Deploy a PostgreSQL database:
- Create a separate PostgreSQL app on Klutch.sh or use an external managed database
- Note the connection details (host, port, database name, username, password)

Update your environment variables:

AIRFLOW__DATABASE__SQL_ALCHEMY_CONN=postgresql+psycopg2://username:password@postgres-host:5432/airflow

Update your Dockerfile to include PostgreSQL support:

The requirements.txt already includes psycopg2-binary for PostgreSQL support.
Initialize the database:

On first deployment, run:
Terminal window
```
airflow db init
```
This is typically handled by your Dockerfile’s CMD, but you can also run it manually if needed.

Monitoring and Logging

Accessing Logs

Task Logs: Available in the Airflow UI under each task instance
System Logs: Accessible through Klutch.sh’s logging interface
Persistent Logs: Stored in the mounted volume at /opt/airflow/logs

Health Checks

Monitor your Airflow deployment:

Webserver health: https://example-app.klutch.sh/health
Scheduler status: Check the Airflow UI’s Admin → Status page
Database connectivity: Verify in the Airflow UI

Best Practices for Production

Use PostgreSQL Database:
- Never use SQLite in production
- Deploy a managed PostgreSQL instance
- Enable connection pooling
Secure Your Deployment:
- Set strong passwords for admin users
- Use AIRFLOW__WEBSERVER__SECRET_KEY and AIRFLOW__CORE__FERNET_KEY
- Enable authentication: AIRFLOW__API__AUTH_BACKEND=airflow.api.auth.backend.basic_auth
- Consider implementing OAuth or LDAP for enterprise environments
Scale with Celery:
- For high workloads, use CeleryExecutor
- Deploy multiple worker instances
- Use Redis or RabbitMQ as the message broker
Implement Proper Logging:
- Configure remote logging to cloud storage (S3, GCS)
- Set appropriate log retention policies
- Monitor disk usage in the logs volume
Resource Allocation:
- Allocate sufficient CPU and memory based on your DAG complexity
- Monitor resource usage and scale as needed
- Use Klutch.sh’s scaling features to adjust compute resources
DAG Best Practices:
- Keep DAGs in version control
- Use variables and connections for configuration
- Implement proper error handling and retries
- Add documentation to your DAGs
Regular Maintenance:
- Update Airflow versions regularly
- Clean up old task instances and logs
- Monitor database size and performance
- Backup your database and volumes regularly
Testing:
- Test DAGs locally before deploying
- Use Airflow’s testing utilities
- Implement CI/CD for DAG validation

Customizing Airflow with Nixpacks

While this guide focuses on Dockerfile deployments, Klutch.sh also uses Nixpacks to automatically build applications without a Dockerfile.

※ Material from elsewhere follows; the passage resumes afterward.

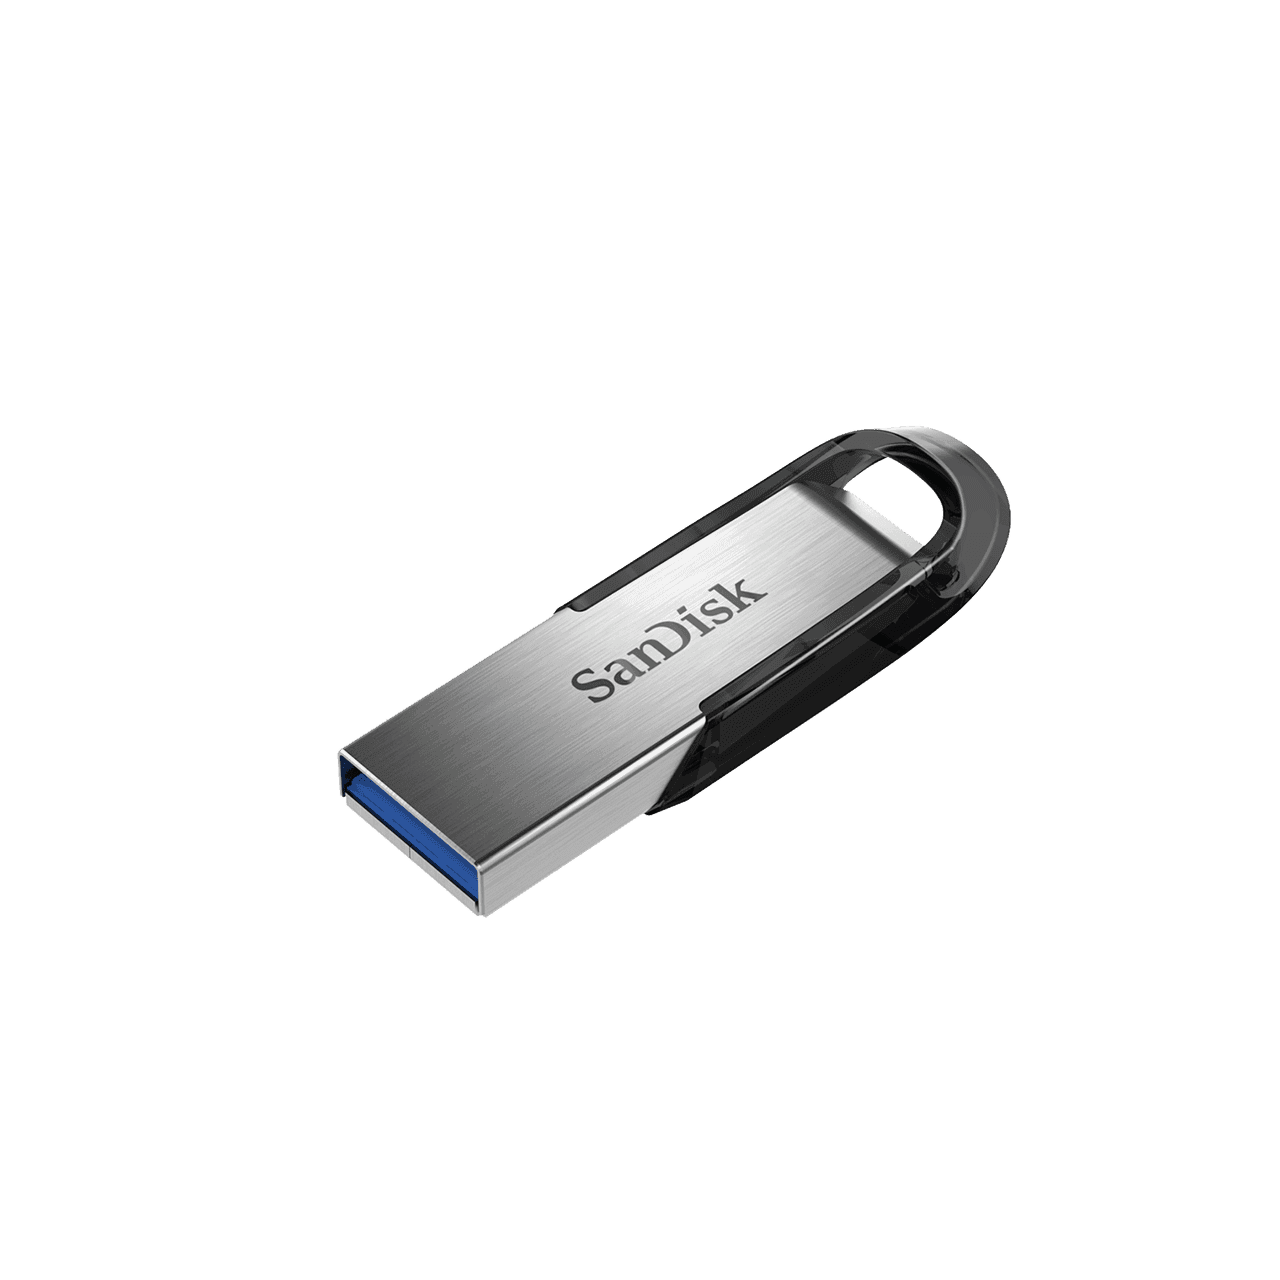 ULTRA FLAIR USB3.0 FLASH DRIVE 128GB

If you need to customize build or start commands when not using a Dockerfile, you can set these environment variables:

START_COMMAND: Override the default start command
BUILD_COMMAND: Override the default build command

However, for Airflow deployments, using a Dockerfile is strongly recommended for full control over the environment.

Troubleshooting

Common Issues

Webserver not starting:

Check logs in Klutch.sh dashboard
Verify database connection string
Ensure all required environment variables are set

DAGs not appearing:

Verify DAGs are in /opt/airflow/dags
Check file permissions
Look for parsing errors in logs

Database initialization fails:

Verify PostgreSQL connection
Check database credentials
Ensure database exists and user has proper permissions

Out of disk space:

Increase volume sizes for logs
Implement log rotation
Clean up old task instances

Resources

Deploying Apache Airflow on Klutch.sh provides a powerful, scalable platform for orchestrating your data workflows. With proper configuration, persistent storage, and production best practices, you can run complex DAGs reliably and efficiently.